In 1941, Horowitz passed the entrance exam for L'Ecole Polytechnique. The school had, since June 1940, abandoned its former location on La Rue Descartes in Paris to move to Lyon and the Zone Libre, losing its military status. When the school returned to Paris in April 1943 after the invasion of the Zone Libre by the Germans in November 1942, Horowitz probably stayed in the south like his fellow students (denoted "bis" by the administration), having been naturalised at least 8 years earlier and being of Jewish faith.

A great contributor to nuclear physics through his work at the heart of the Commissariat à l'énergie atomique (CEA), he acted as director of the Department for Atomic Piles for the construction of the Zoé reactor (the first French atomic reactor). He applied his common sense to identify the deception in the Great Oil Sniffer Hoax.

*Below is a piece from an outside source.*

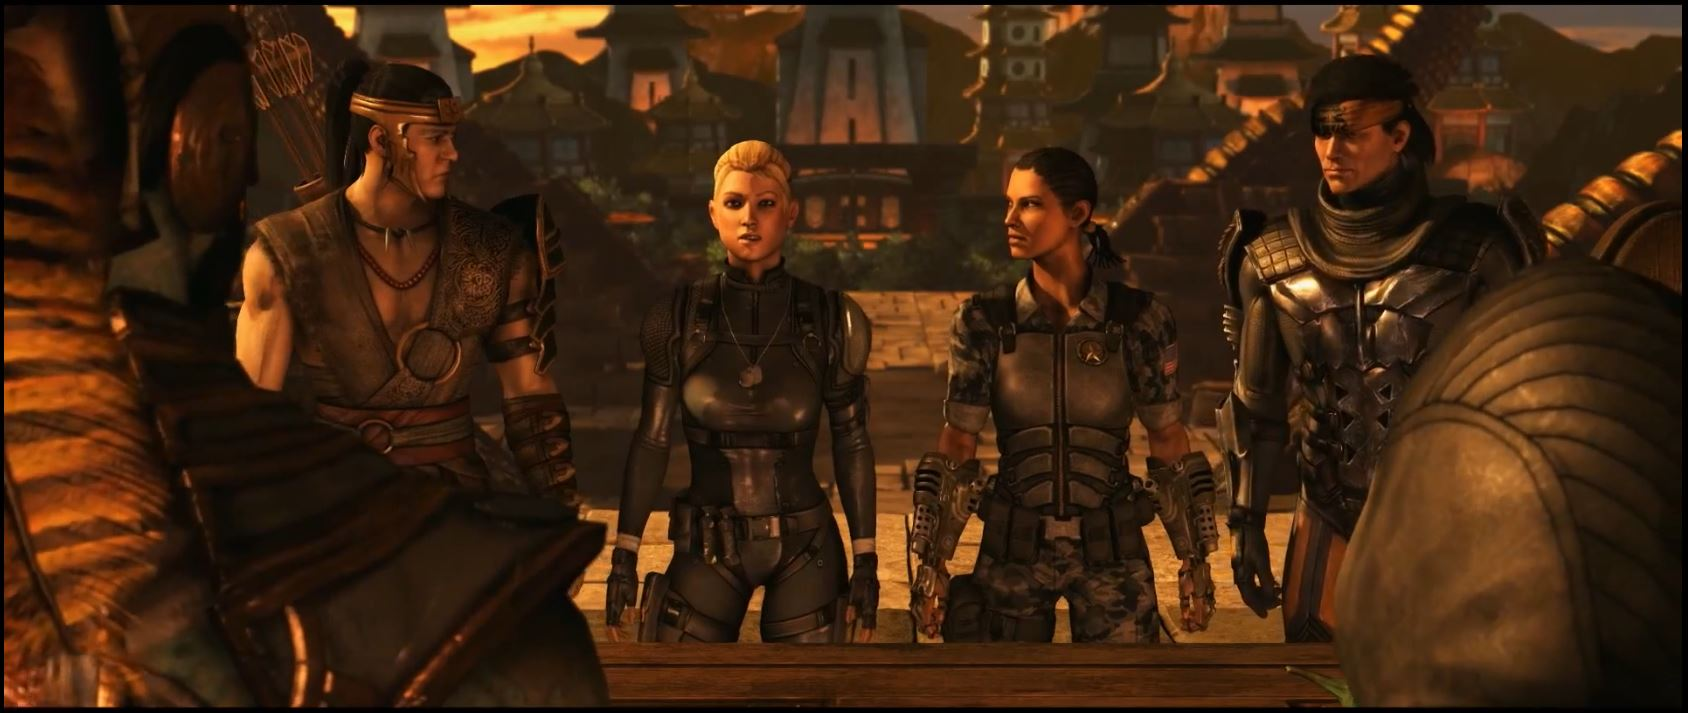 Mortal Kombat X Story Mode Trailer

He was, in 1975, the creator and first director of the Institute of Fundamental Physics research at CEA, renamed Material Science Research, and today called La Direction de la recherche fondamentale (DRF). Instigator of the Laue-Langevin Institute i the early 1960s, he was also president of the board of directors at the European Synchotron Radiation Facility during its creation (1988 to 1993).

He was presented as one of the major actors behind the Israeli nuclear programme. He was furthermore the brother-in-law of the French physicist Claude Bloch.